An excellent choice. Your son can enjoy the Renaissance artists'
renderings of regular solids in perspective, as explained by Luca
Pacioli, and can look forward to reading Kepler (who tried to fit the
Platonic solids to the geometry of the solar system), Coxeter on
higher-dimensional regular polytopes, and at a higher level Felix
Klein (who tied the icosahedron and solving fifth degree equations
together), among others.
> Is there anyone here who would be willing/able to help walk me through
> how to get the edge value of the platonic solids to fit inside the
> sphere.
Where is the center of a Platonic solid?

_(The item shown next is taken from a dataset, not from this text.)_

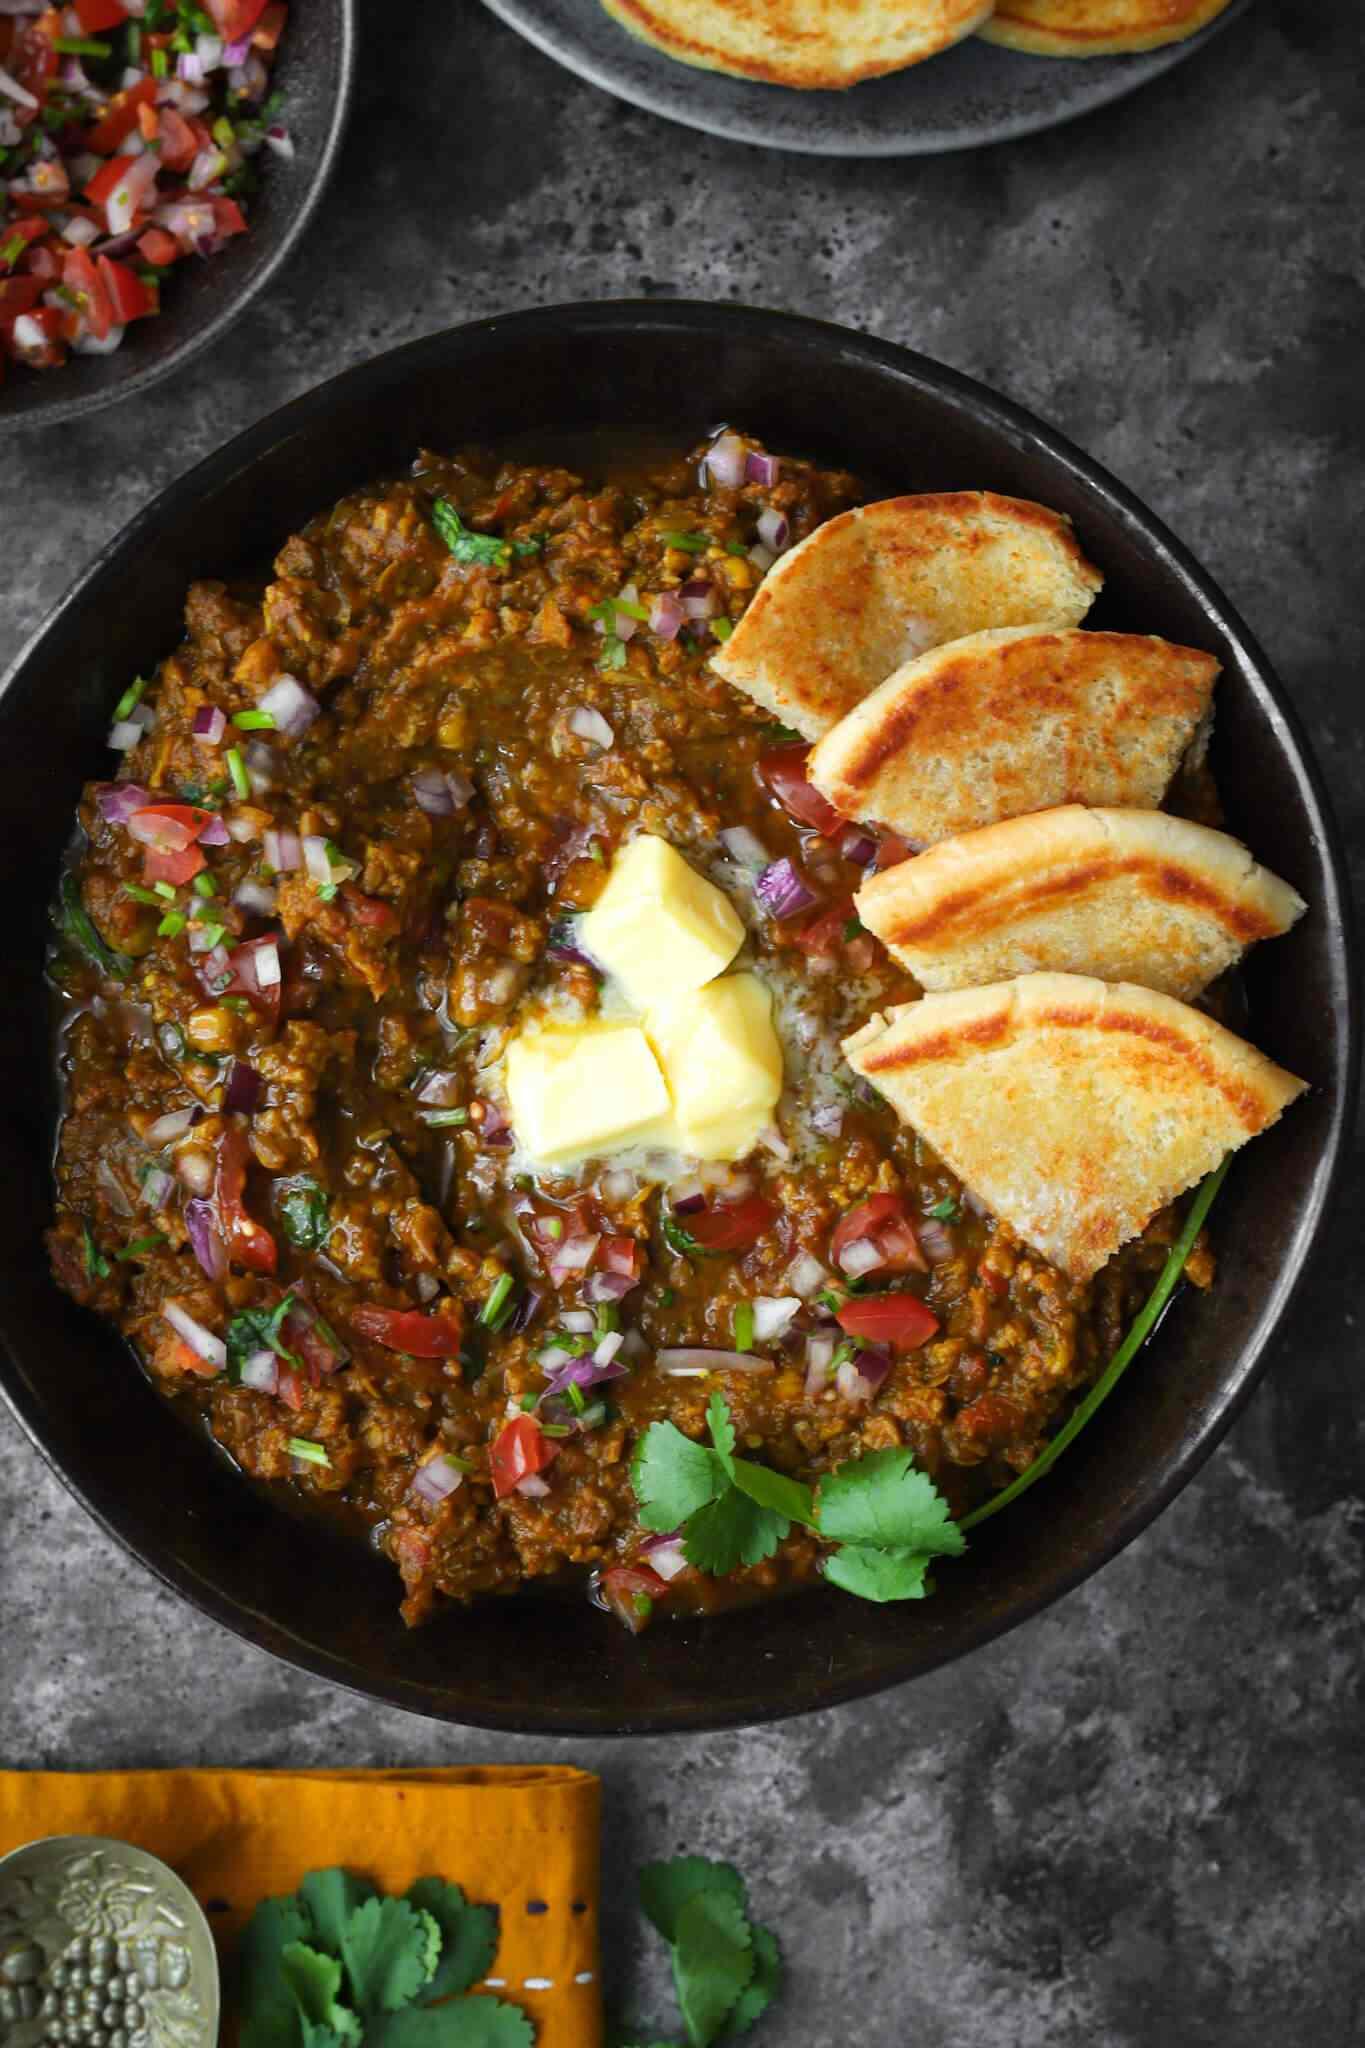 Bodhi's Keema Pau Bhaji (Vegan) recipe

How far from the vertices?
All of this is laid out in the 13th book of Euclid's elements, but
from the opposite direction. Given the radius of the sphere, he
constructs the edges of the solids. The first three are easy, the
other two a little more difficult.
Tetrahedron: 3/4 of the altitude, in much the same way that the
circumradius of an equilateral triangle is 2/3 of the altitude. That
is, we divide the tetrahedron into four equal pyramids, each with one
fourth of the volume, and therefore one fourth of the height.
Cube: If the side is 2, then by the Pythagorean theorem half of the
diagonal is sqrt(3)
Octahedron: Half of an octahedron is a square pyramid with equilateral
triangle faces. Apply Pythagoras to find the diagonal of the base,
which is the diameter of the circumsphere, and also twice the altitude
of the pyramid.
Dodecahedron: http://en.wikipedia.org/wiki/Dodecahedron
If the edge length of a regular dodecahedron is a, the radius of a
circumscribed sphere (one that touches the dodecahedron at all
vertices) is
r_u = \frac{a}{4} \left(\sqrt{15} +\sqrt{3}\right) \approx
1.401258538 \cdot a
The following Cartesian coordinates define the vertices of a
dodecahedron centered at the origin:
(±1, ±1, ±1)
(0, ±1/φ, ±φ)
(±1/φ, ±φ, 0)
(±φ, 0, ±1/φ)
where φ = (1+√5)/2 is the golden ratio (also written τ) = ~1.618. The
edge length is 2/φ = √5–1. The containing sphere has a radius of √3.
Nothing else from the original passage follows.